## Collected material
########

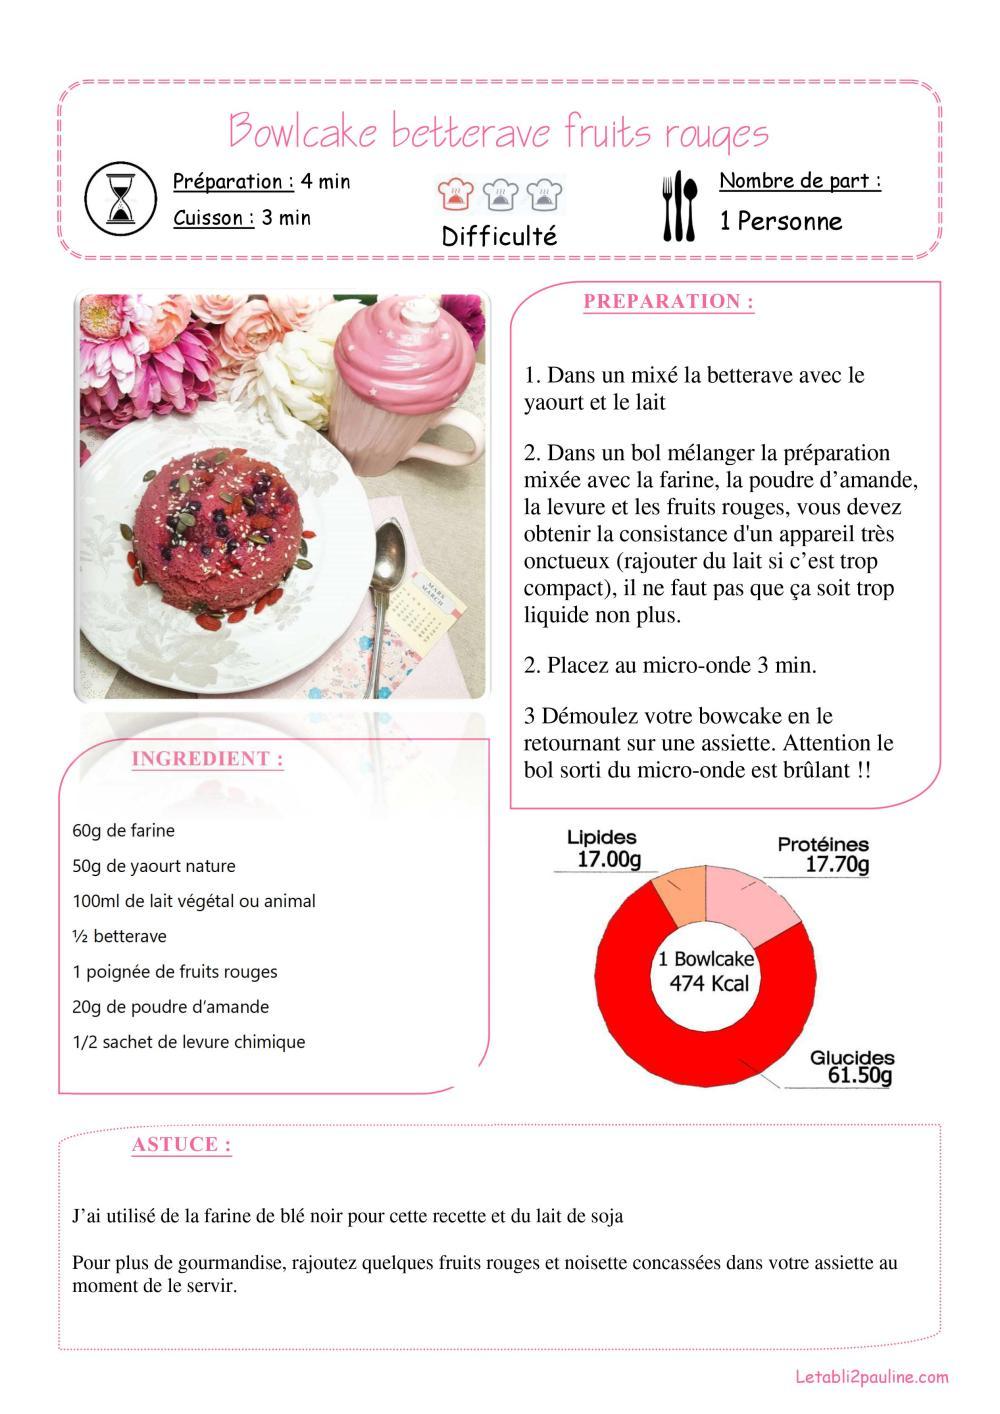 Fiche recette Bowlcake betterave fruit rouge
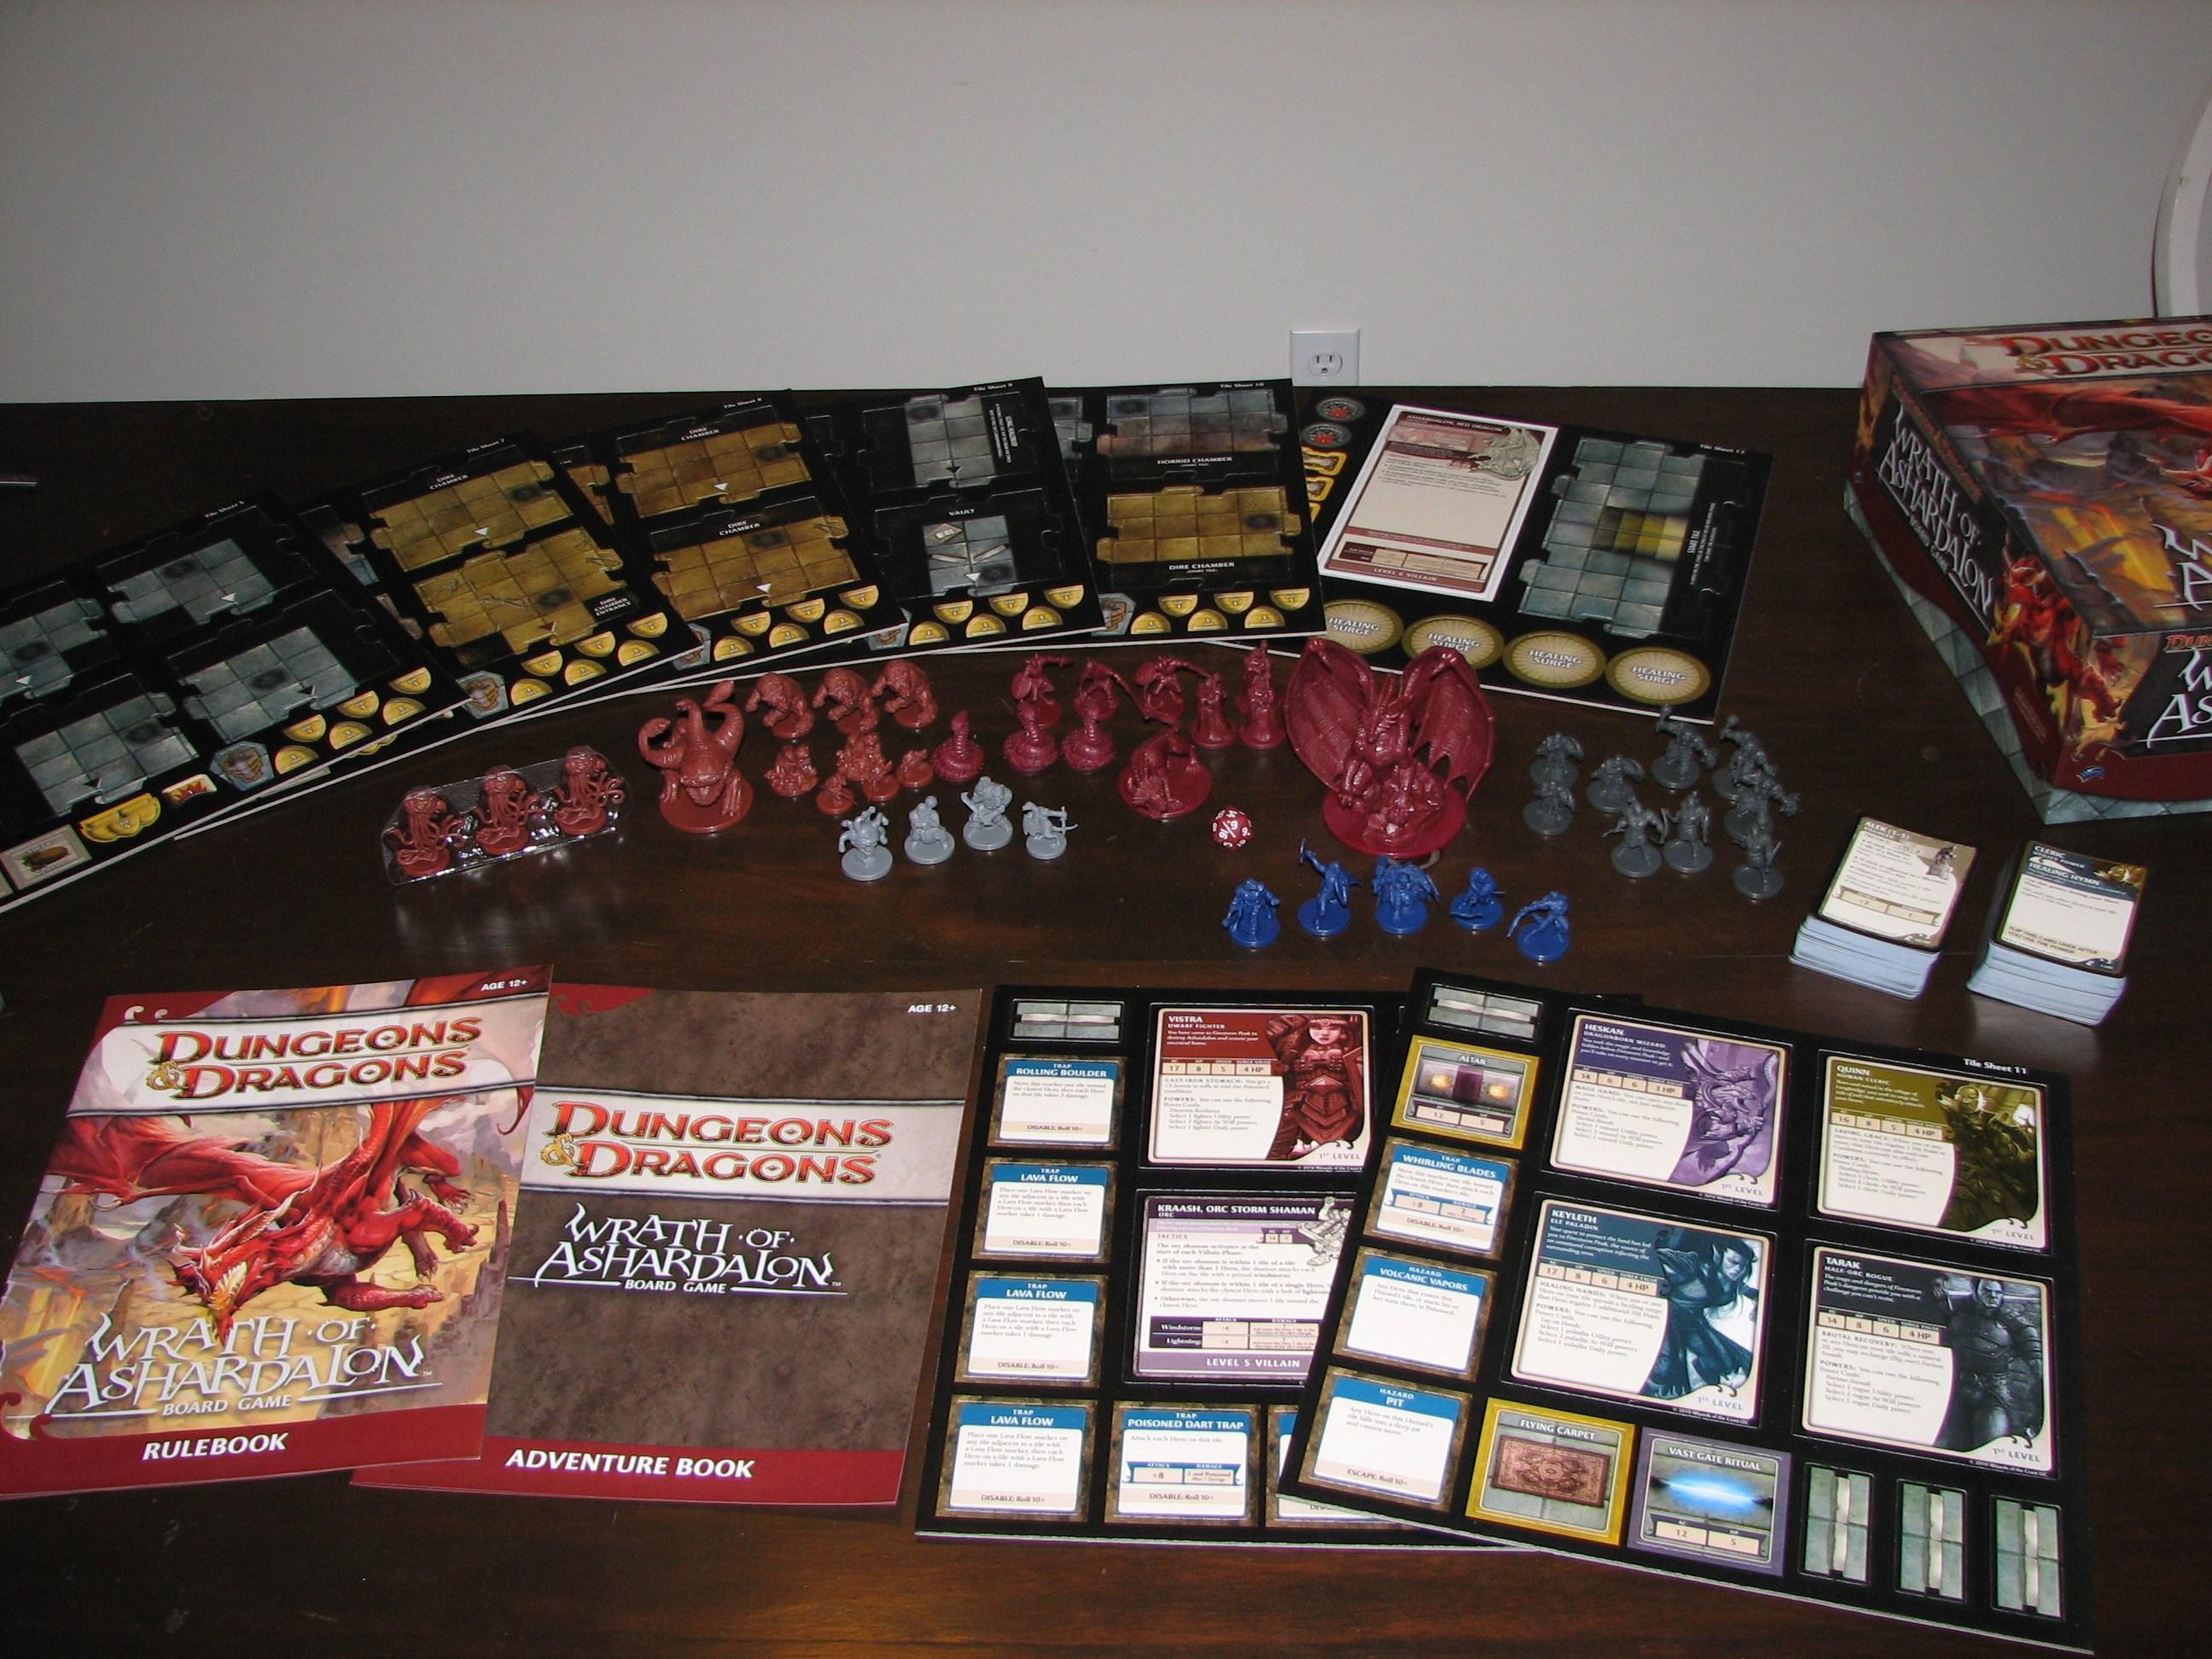 Dungeon & Dragons: Wrath of Ashardalon
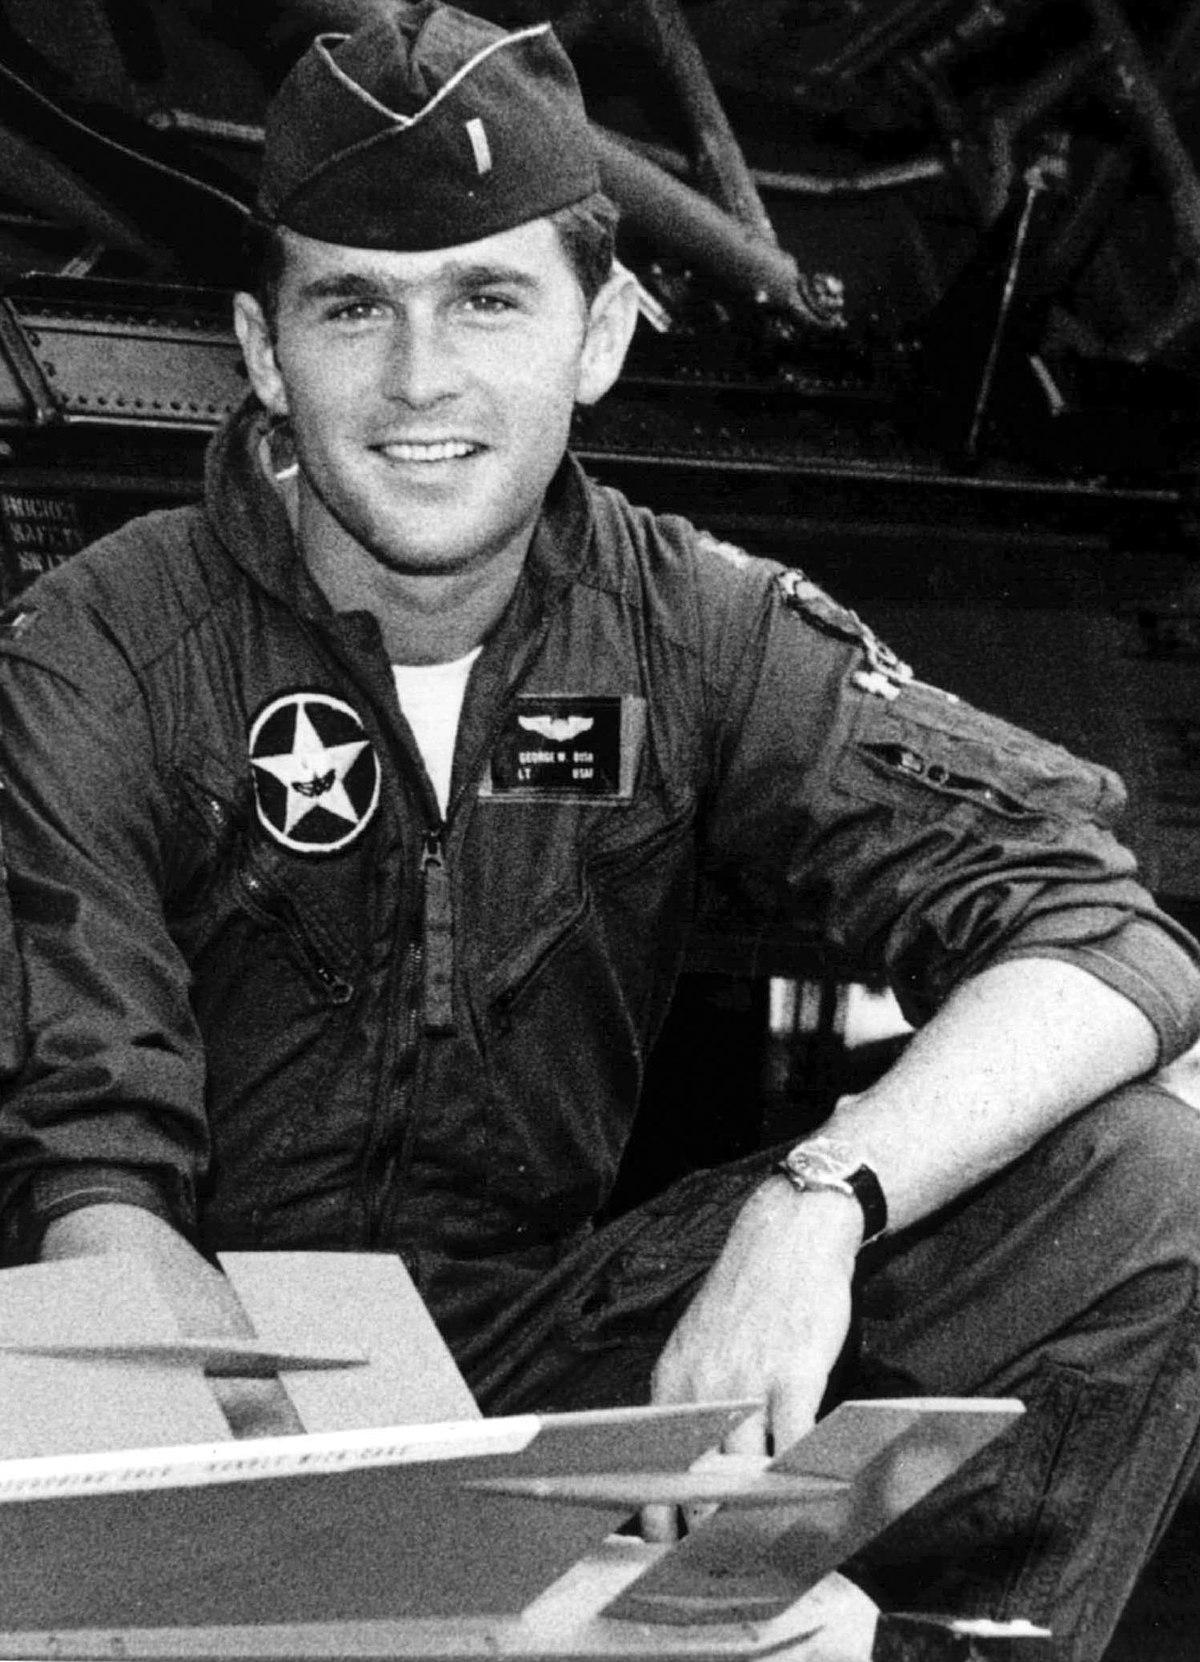 George W. Bush military service controversy - Wikipedia

########

## Aim of the task
Please print all the data above word for word. Pictures should not appear in the copy.

## Written solution
 Fiche recette Bowlcake betterave fruit rouge
 Dungeon & Dragons: Wrath of Ashardalon
 George W. Bush military service controversy - Wikipedia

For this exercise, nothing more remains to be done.